-- Activity --
Begin your transcription at the line containing "תפוח טכנולוגיות טבעיות" and continue it, word for word, to the final line below. Include only those lines and skip the pictures.

-- Provided data --
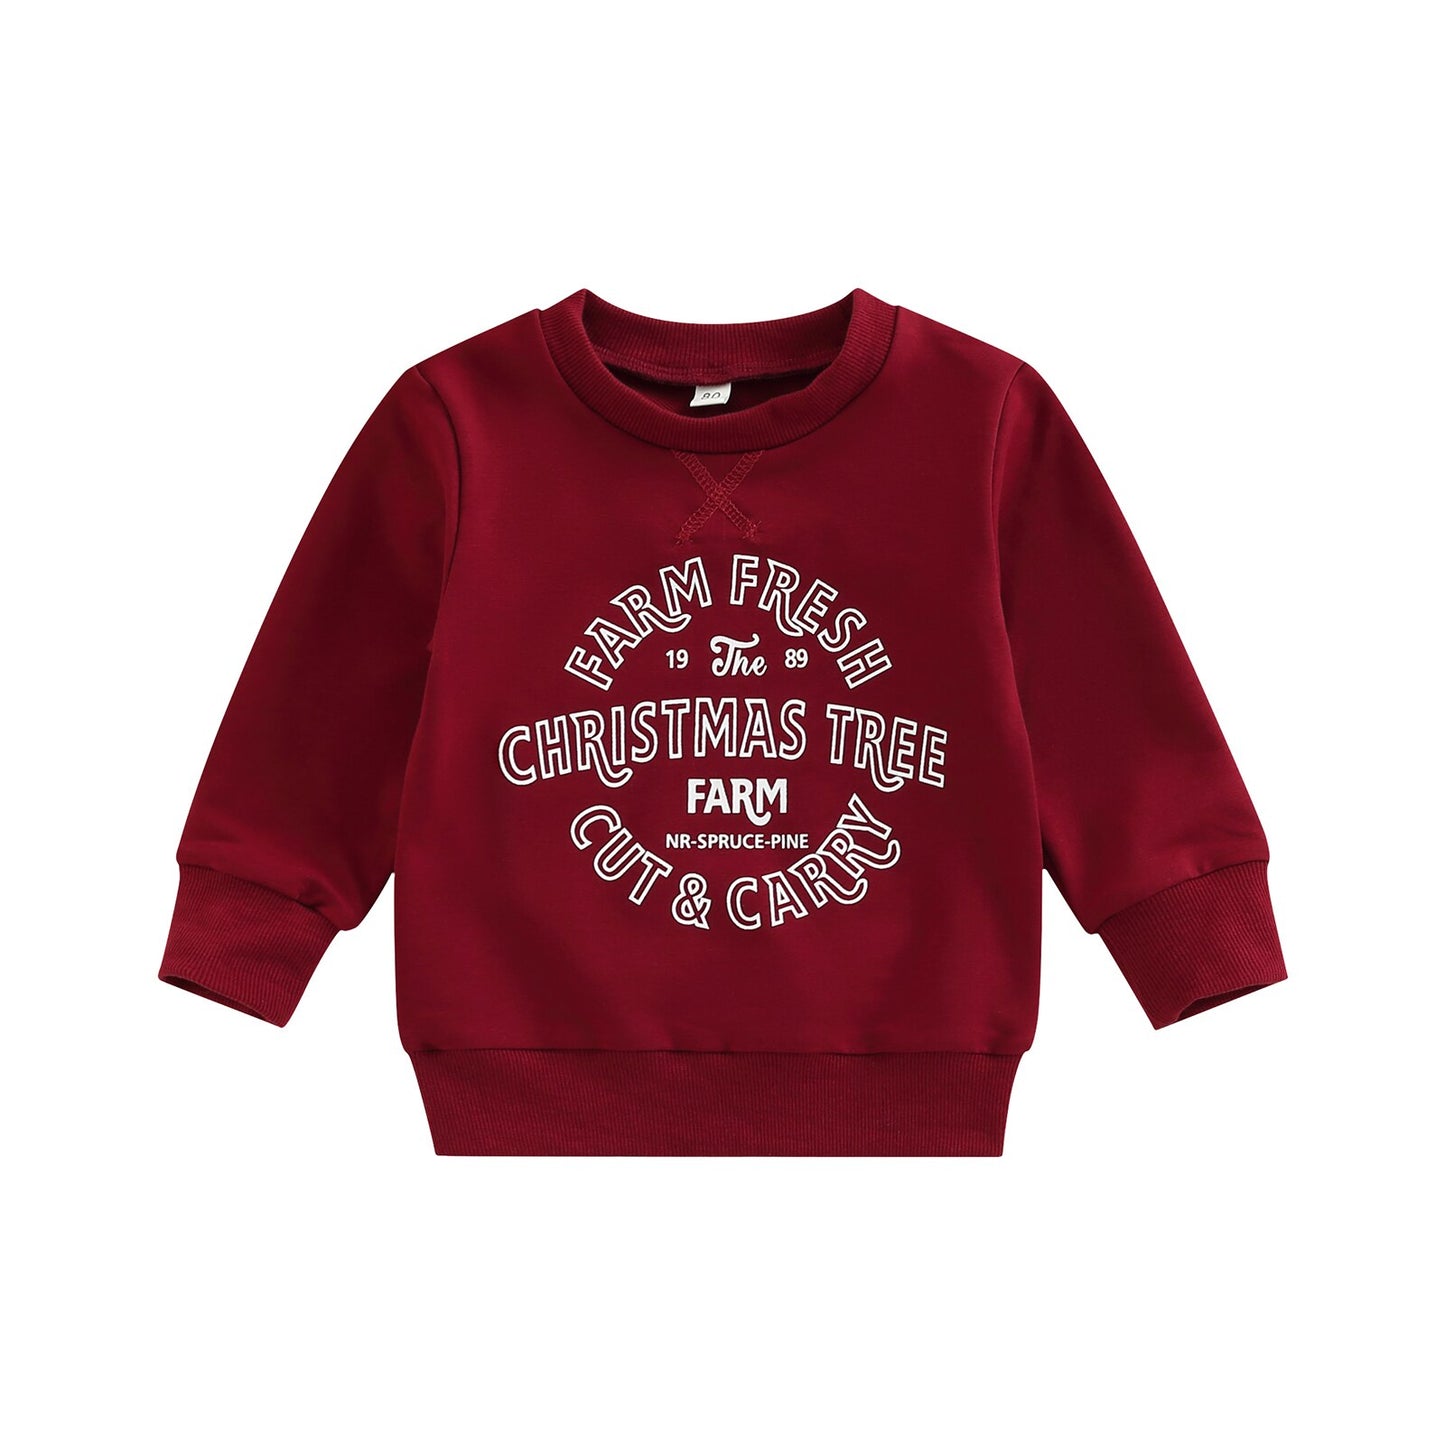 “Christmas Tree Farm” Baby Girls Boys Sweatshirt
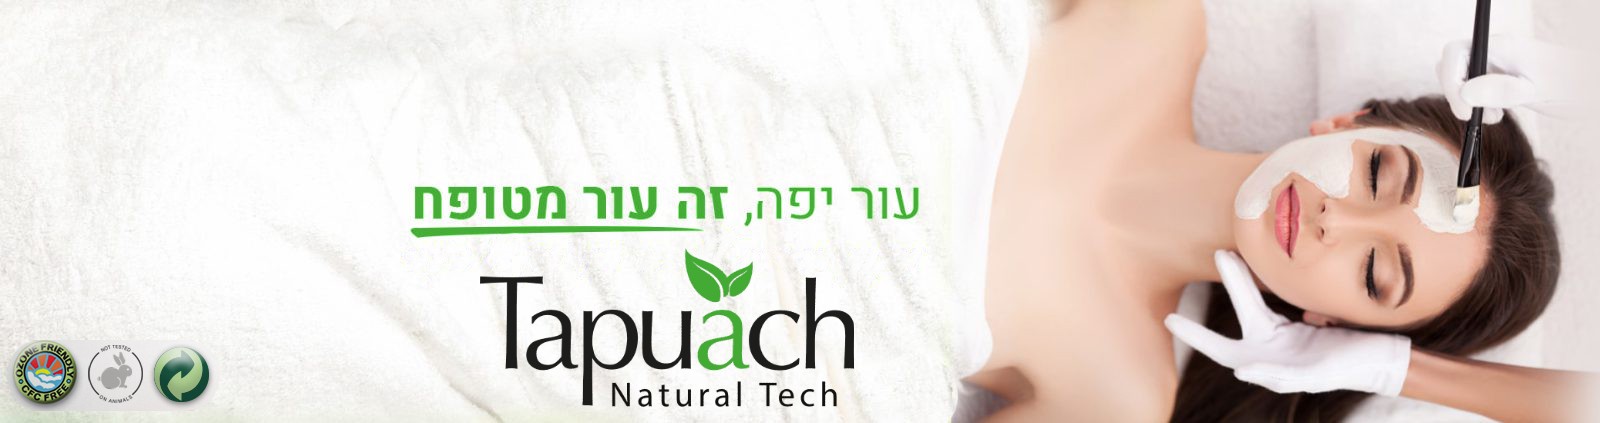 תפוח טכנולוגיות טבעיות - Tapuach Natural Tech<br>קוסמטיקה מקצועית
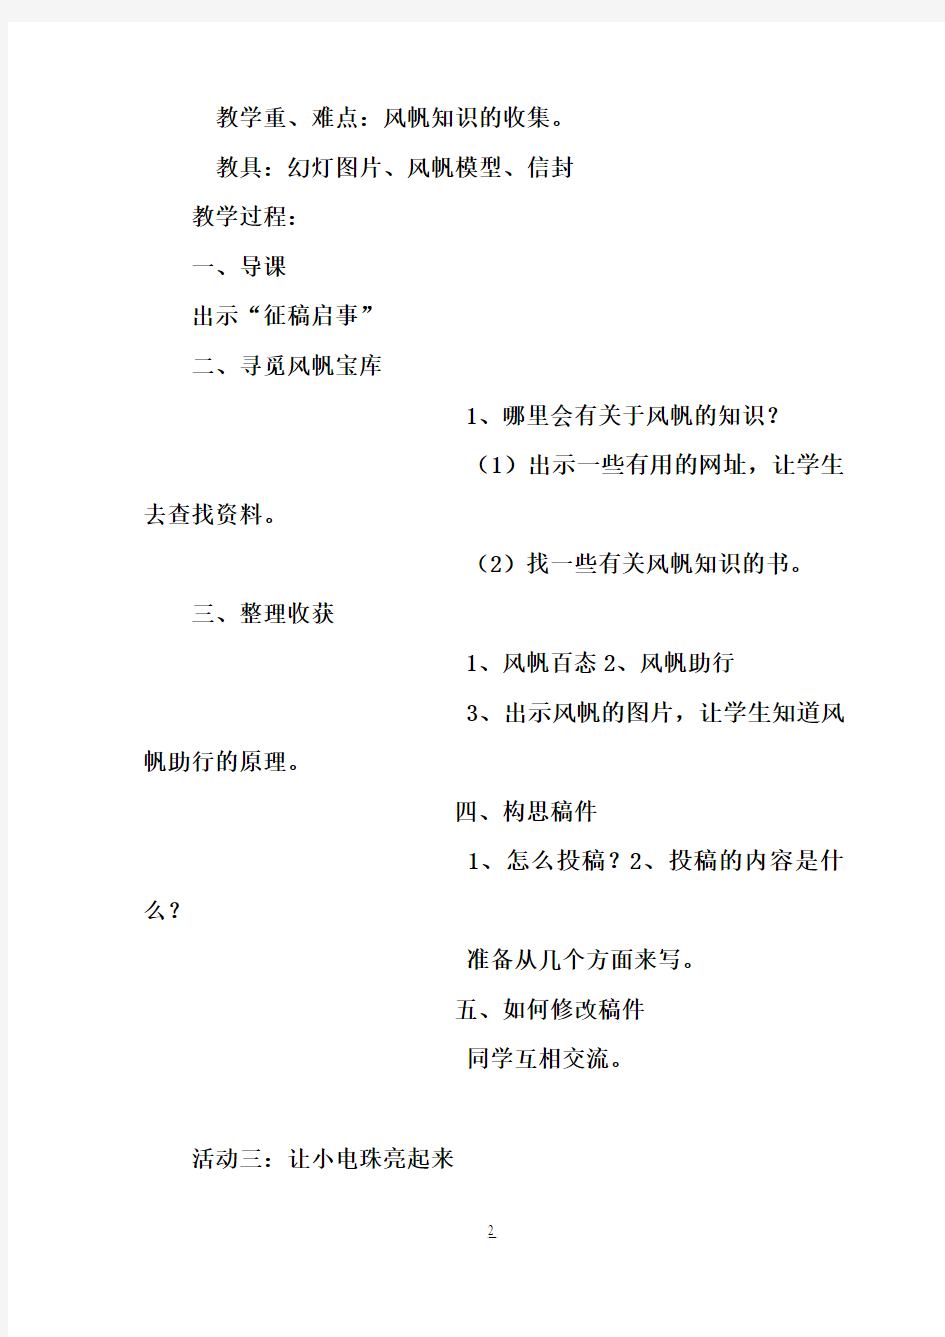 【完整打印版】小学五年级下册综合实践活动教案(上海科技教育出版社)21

-- Written reply --
 תפוח טכנולוגיות טבעיות - Tapuach Natural Tech<br>קוסמטיקה מקצועית
 【完整打印版】小学五年级下册综合实践活动教案(上海科技教育出版社)21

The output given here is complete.